The Mosaic Project’s curriculum, method and philosophy reflect the wisdom of a wide scope of psychological and educational research. The following review offers a window into the vast body of study that informs The Mosaic Project’s curriculum and structure. Also see a summary of our program evaluation.

The following research suggests that the following aspects of The Mosaic Project experience contribute to the successful realization of our organizational and curricular goals. Through its Outdoor School and In-school Programs, The Mosaic Project:

  • Offers an intentional, safe space to discuss issues that separate and unite us as people and communities
  • Encourages and facilitates the emergence of friendships and mutual understanding across lines of difference while reducing bias and prejudice
  • Offers challenging but achievable goals that require diverse teams to work together
  • Creates positive, non-competitive opportunities for children from different backgrounds to connect and engage
  • Cultivates a sense of shared purpose and identity among diverse student and staff participants
  • Cultivates awareness of interconnectedness to each other and to the environment
  • Teaches non violent communication and conflict resolution skills to students
  • Bolsters participants’ self esteem through engaging in positive discipline strategies and by helping students identify their gifts and celebrate their identities
  • Offers positive mentors who reflect the diversity of the children served
  • Provides a safe residential setting in a neutral environment for children to step outside their comfort zones, learn and get to know each other
  • Uses experiential education to cater to a wide range of learning styles
  • Uses music as an integral part of our curriculum which facilitates memory and recall of key lessons
  • Cultivates emotional intelligence and core socio-emotional competencies through imparting concrete skills and opportunities for introspection and engagement with others.
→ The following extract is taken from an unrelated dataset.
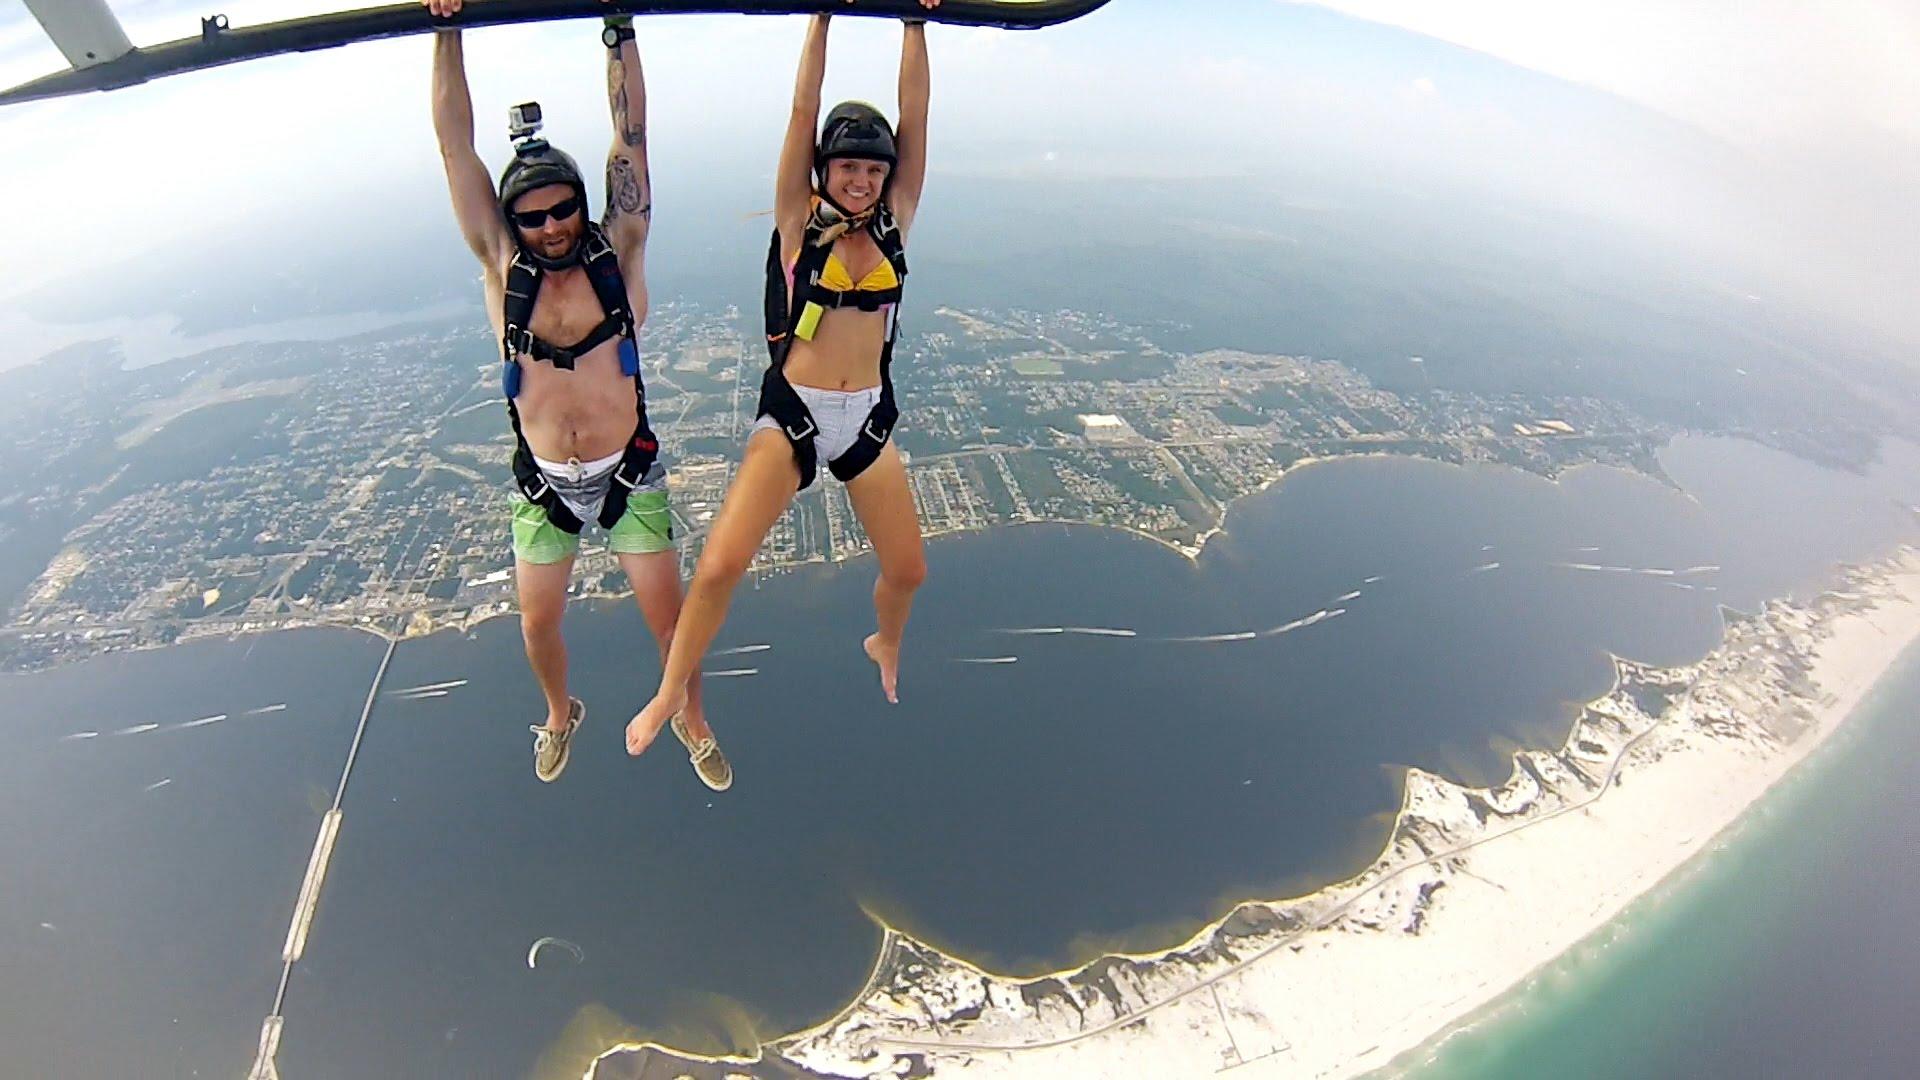 Professional parachuting photo

These include:
    • Self Awareness (Knowing what I’m feeling in a moment; self-respect)
    • Social Awareness (Knowing what others are feeling; capacity to empathize; appreciation and capacity to engage with diversity)
    • Self Management (Handling emotions mindfully; understanding appropriate response)
    • Relationship Skills
  • Works with 9-10 year-olds who are at a critical point in their development where they have capacity to take another’s perspective and really empathize with different points of view
  • Works primarily with children, aiming to deconstruct prejudice before it becomes entrenched

Contact Theory

Contact Theory states that under the right conditions, contact between members of different groups can reduce conflicts and prejudices. Simply placing a diverse group of students together is not enough to break down stereotypes and prejudice. They also need to be treated as equals; share common goals and have opportunities for cooperation, collaboration and positive, noncompetitive interactions with one another; and feel like their intermingling is supported by mentors and authority figures. Research suggests that the more of these factors in place, the more likely people are to overcome their biases. (Fiske, 2008; Van Laar, 2005) Effective communication and collaborative conflict resolution strategies also support healthy integration across communities of difference. (Maznevski & DiStefano, 1996)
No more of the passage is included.